I suppose I'm moaning about how reactive as opposed to proactive so many of the sources that we may turn to for stories about whats going on are. Is it to much to ask that they might join the right dots ahead of time and share those expectations with us a bit earlier?

In some ways I suppose I've turned that into a coping strategy on the handful of occasions I've been able to do so in this pandemic so far. Feeling one or two steps ahead of the game is one way to come to terms with stuff and construct some order out of chaos. Quite a lot of the time Im only hours or a few days ahead, or I say something at the very last opportunity before it becomes invalid, which is always weird to look back on. And its actually quite frustrating on the few occasions where I've somehow got weeks ahead of where the newspapers etc are at in their appreciation of events.
 
Now in contrast to what I just said, various data and non-official modelling people on twitter tend to be quicker than me to start going on about trends seen in data. I only started following such people in recent months and at times I've found it a bit exhausting. I have copied quite a few of their techniques and the results can be interesting but Im often not confident to shout here about what they seem to be showing, at least not till more time has passed and data accrued.

A lot of them also make me feel I have to draw attention to details such as the values on an axis so that people dont misunderstand what the graphs are showing.

I suppose the following serves as a recent example. I post it here because the trend is interesting if sustained, and I will be gong on a lot more about this sort of age based rates of growth and decline in future if they contain interesting stories about where this wave is heading. But you need to be careful looking at these graphs and his use of language, ie note that so far he is talking about the rate of decline growing smaller, the figures highlighted in the first graph are not back into positive growth territory just yet. I suppose for convenience and strength of point reasons I'd probably have held off the 2nd point until the data actually showed that 20-24 age group back in positive growth territory.

 
I've finished my own look at positive cases by specimen date per age group for England.

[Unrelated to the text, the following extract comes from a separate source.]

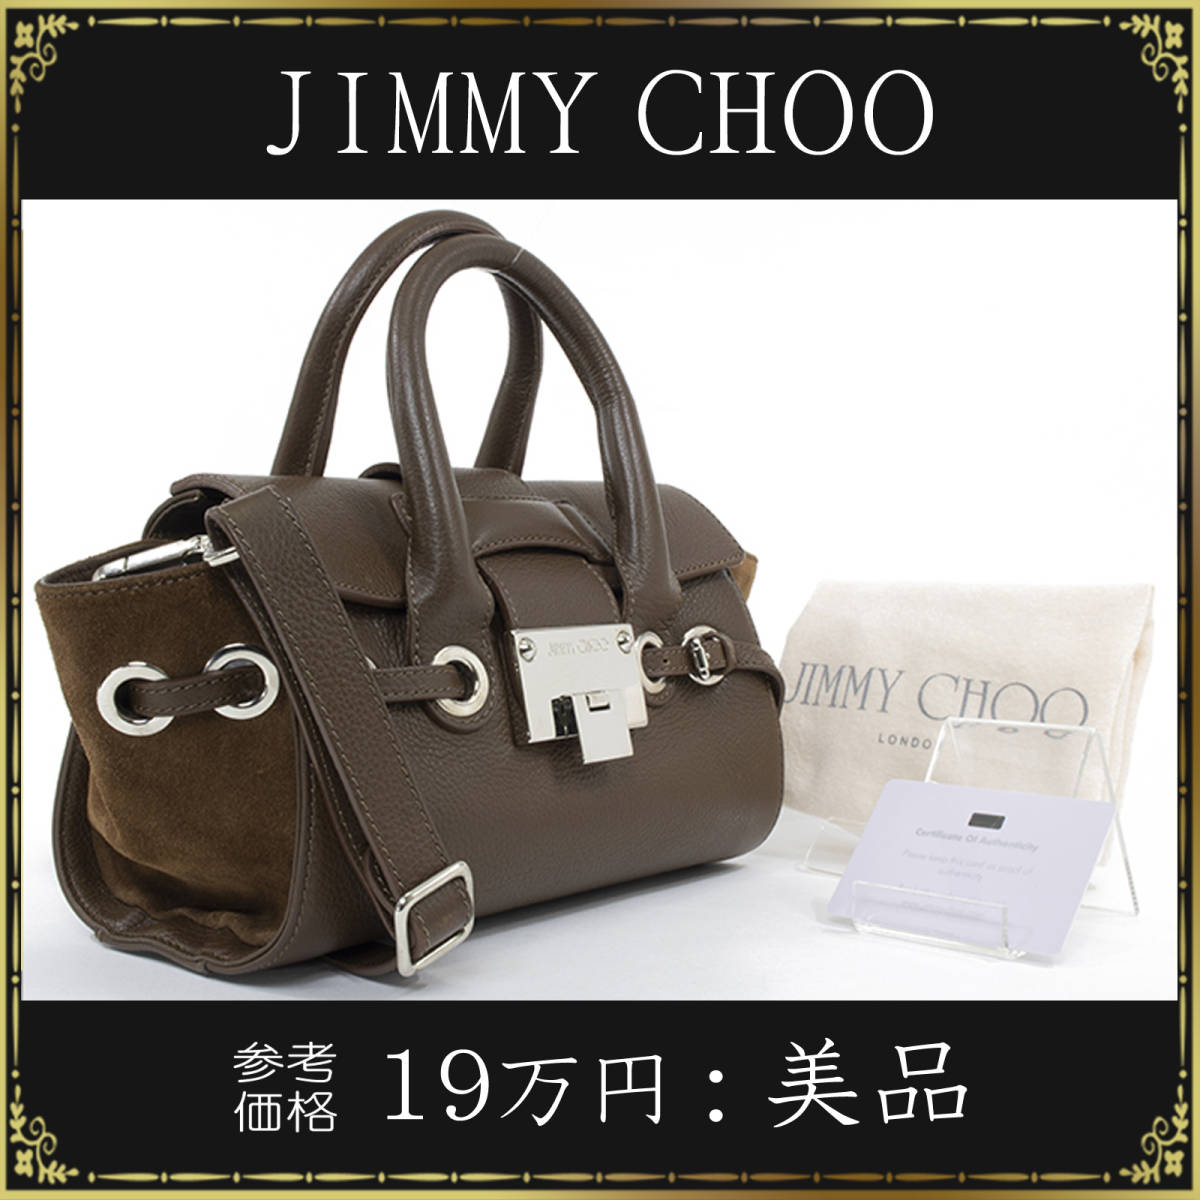 【全額返金保証・送料無料・美品】ジミーチュウの2wayハンドバッグ・ショルダーバッグ・正規品・ライリー・綺麗・ブラウン系・鞄・バック

To my eyes what the recent cases have done to the picture is make the declines more modest, increasing somewhat the plausibility of what is being shown in this data.

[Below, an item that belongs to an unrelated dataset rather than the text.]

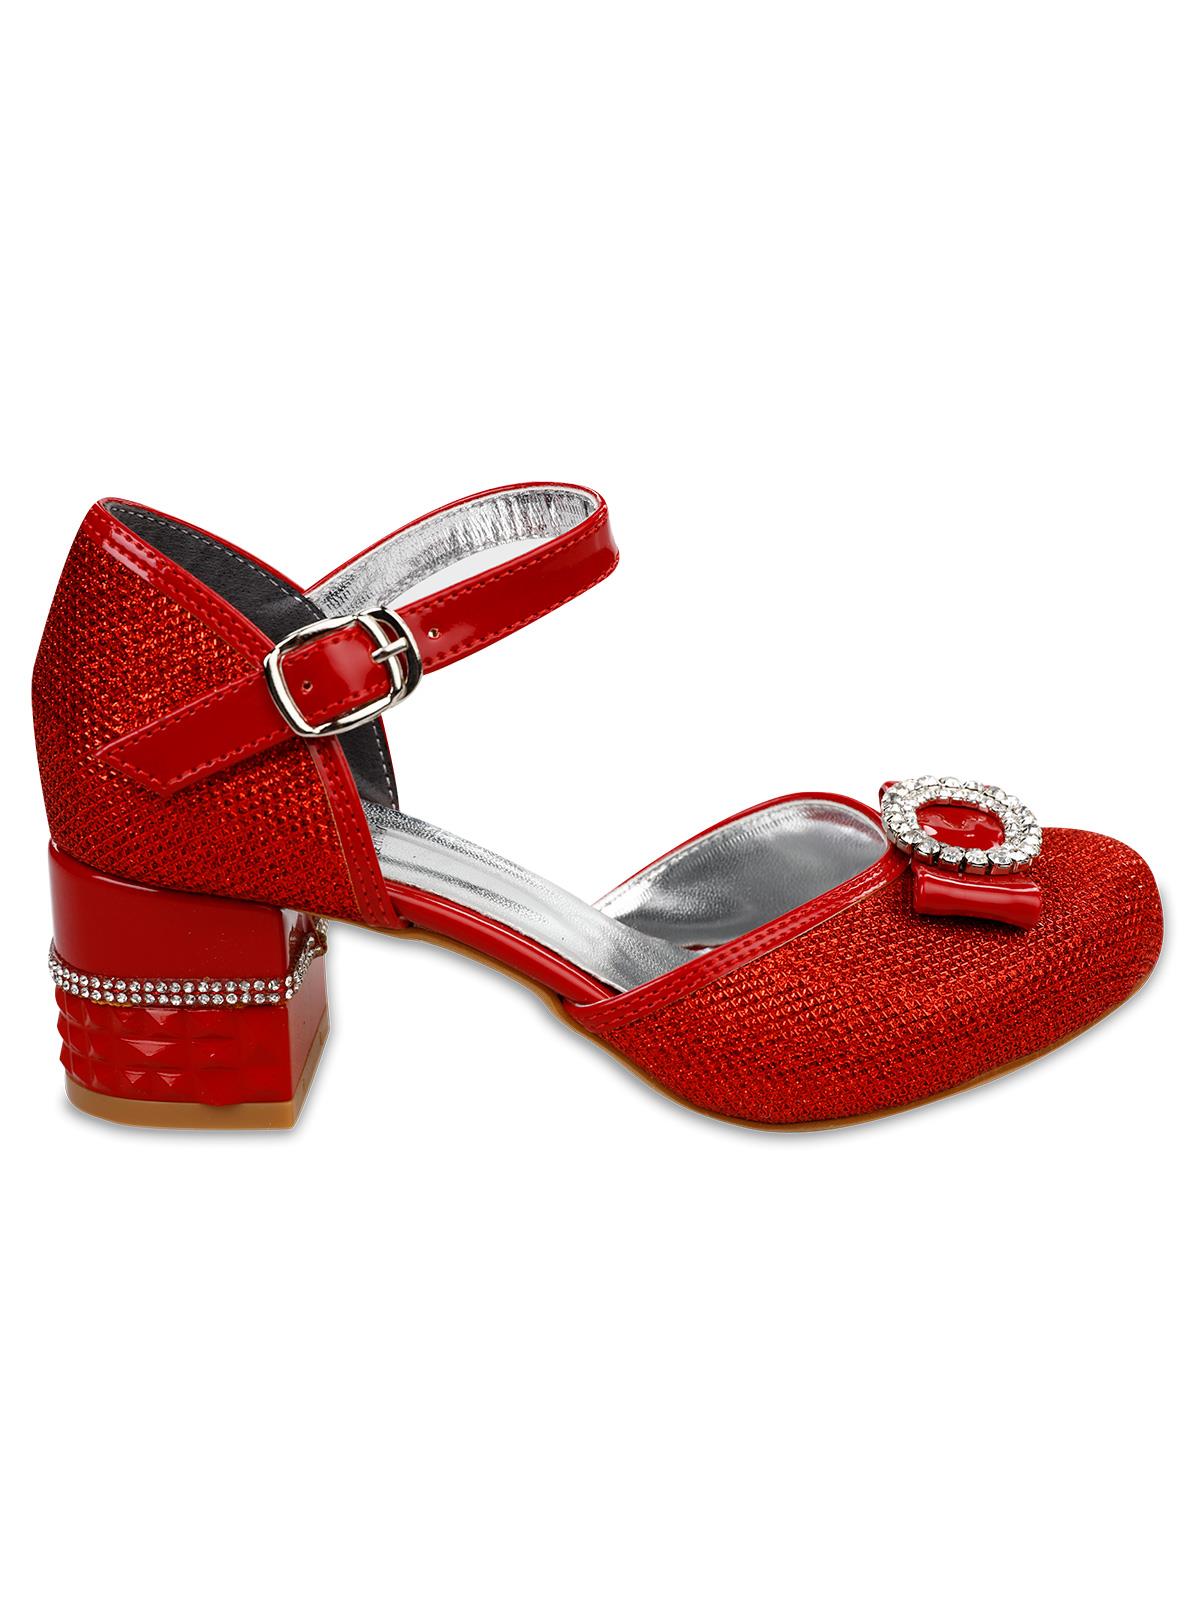 Harli Kız Çocuk Abiye Ayakkabı 33-37 Numara Kırmızı

I really dont think the data as of today offers me a guide as to what happens next, it doesnt give me strong clues about whether that was the peak of a wave as we've seen in the past or something else like a euros spike where case growth will then resume after the fall from that spike.

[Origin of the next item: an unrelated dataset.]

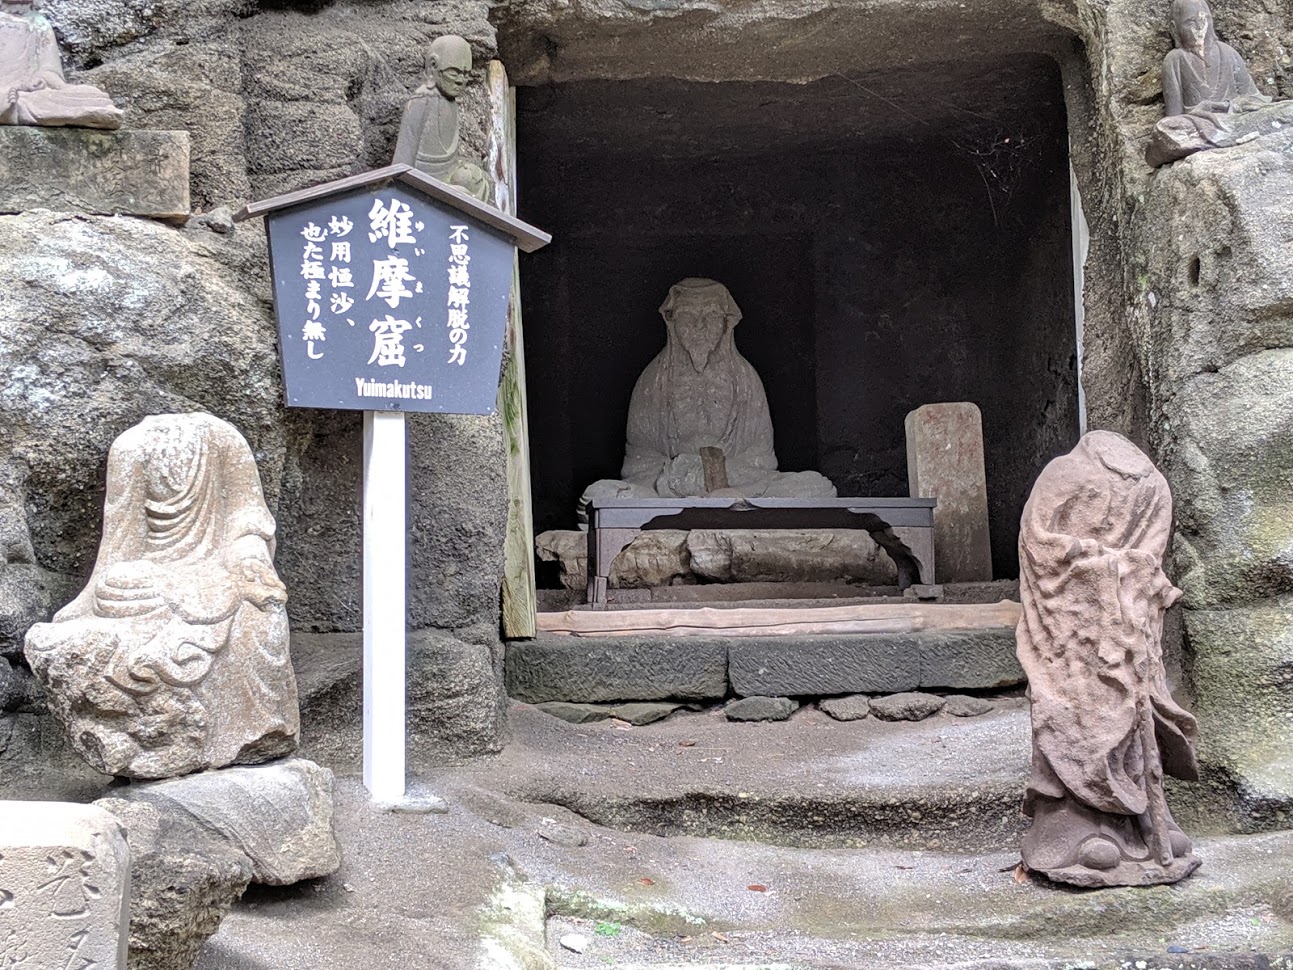 日本一大きな大仏さんがいる日本寺の鋸山に行きました。その二

There may be some regional stories emerging but I have to process all this data manually so I havent recently looked at any of those myself properly yet.
 
How plausible is it that the Euros could cause such a prominent spike? I'm not a football person myself...but would a few football matches really cause a large proportion of the population to act significantly differently to what they would have done otherwise? Are there many people whose nervousness about going to a pub is overcome by the desire to go there to watch a football game they could watch at home?
 
I'm using it as shorthand really, there could be other reasons for the same spike, or combinations of factors. I expect there will be attempts to analyse the role of the football eventually, but I dont know how long it will take before such things occur.

Certainly people have been very tempted to look for not very subtle clues in the case data.

Here are positive cases by specimen date (so most recent data is incomplete), broken down into a few age groups. Females on the left graph, males on the right.

A proper analysis would need to takke account of other factors such as differences in vaccination rates.

Screenshot 2021-07-29 at 22.51.jpgScreenshot 2021-07-29 at 22.51m.jpg
 
With a few exceptions such as Shaun, UK media are still failing to communicate the scale of current hospital pressure, although obviously there is quite some variation between different places.

 
By the way there are loads of caveats to those charts, and they should be used to monitor trends rather than take the numbers as totals. These forms of surveillance arent designed to count every case. And some forms of covid triage affect certain numbers.